Shifting bits like this and 'inserting' them with the "|" OR operator is an exceptionally common task when working with embedded software (since you often need to manipulate individual bits to turn features on or off or to configure your peripherals). As such, it's very important that you understand what these different operators means and how they function!

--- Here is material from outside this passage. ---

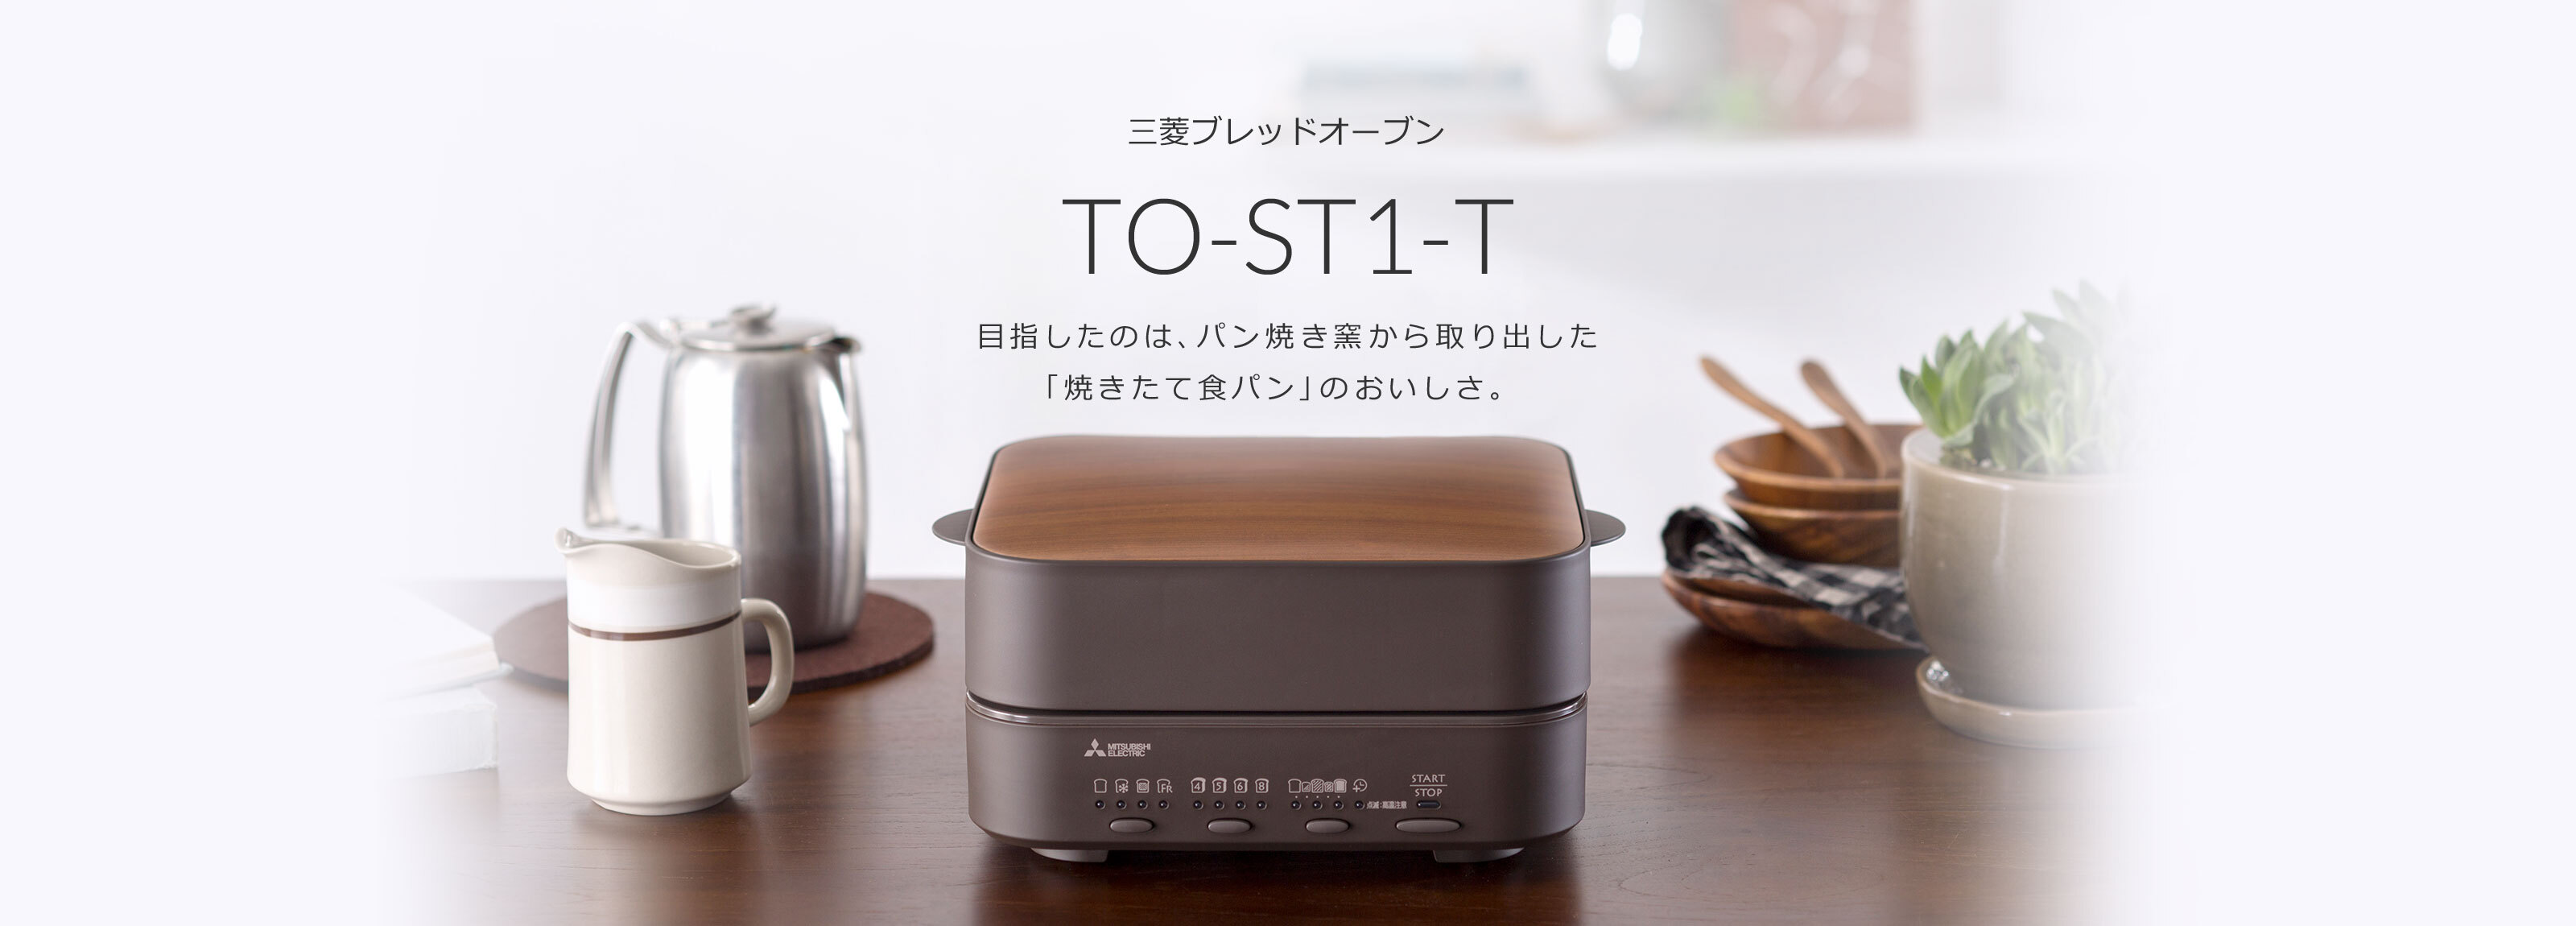 新品未使用 三菱ブレッドオーブン MITSUBISHI TO-ST1-T-

If you need to, you can also shift a set of values using hexadecimal, as follows:
unsigned int orig = 0xF0F0; // 1111 0000 1111 0000
unsigned int insert = 0x000A; // 0000 0000 0000 1010
unsigned int a = orig | (insert << 8); // 1111 1010 1111 0000
unsigned int b = orig | (insert << 6); // 1111 0010 1111 0000
You may have noticed in the last line of the example above that when we shifted the value only 6 places to the left, we ended up with 1111 0010 1111 0000 and not 1111 0010 1011 0000. The reason for this is because we are using an OR operator to combine the two values. To see the results different operators would have in this case, take a look at the following code and try to figure out why we end up with the results we have:
unsigned int orig = 0xF0F0; // 1111 0000 1111 0000
unsigned int insert = 0x000A; // 0000 0000 0000 1010
unsigned int OR = orig | (insert << 6); // 1111 0010 1111 0000
unsigned int AND = orig & (insert << 6); // 0000 0000 1000 0000
unsigned int XOR = orig ^ (insert << 6); // 1111 0010 0111 0000
The left shift operator isn't only useful for setting individual bits in a 32-bit value; it can also be used to 'read' a single bit from a larger value, as you can see in the following code:
unsigned long testValue = 0xFF00FF00;
// Check if the fifth bit is equal to 1 (hint: it isn't!)
if (testValue & (1 << 4))
{
// Fifth bit is equal to 1
}
else
{
// Fifth bit is equal to 0
}
Can you understand how this example code works? We are shifting a '1' bit 4 positions to the left (which will give us the following 32-bit value: 0000 0000 0000 0000 0000 0000 0001 0000). We are then 'comparing' this to our testValue with an & AND operator, which means that if bit 5 of our testValue is also 1 (as in the value we have just created), a '1' will be returned. If the values are different, the AND operator will fail and return 0.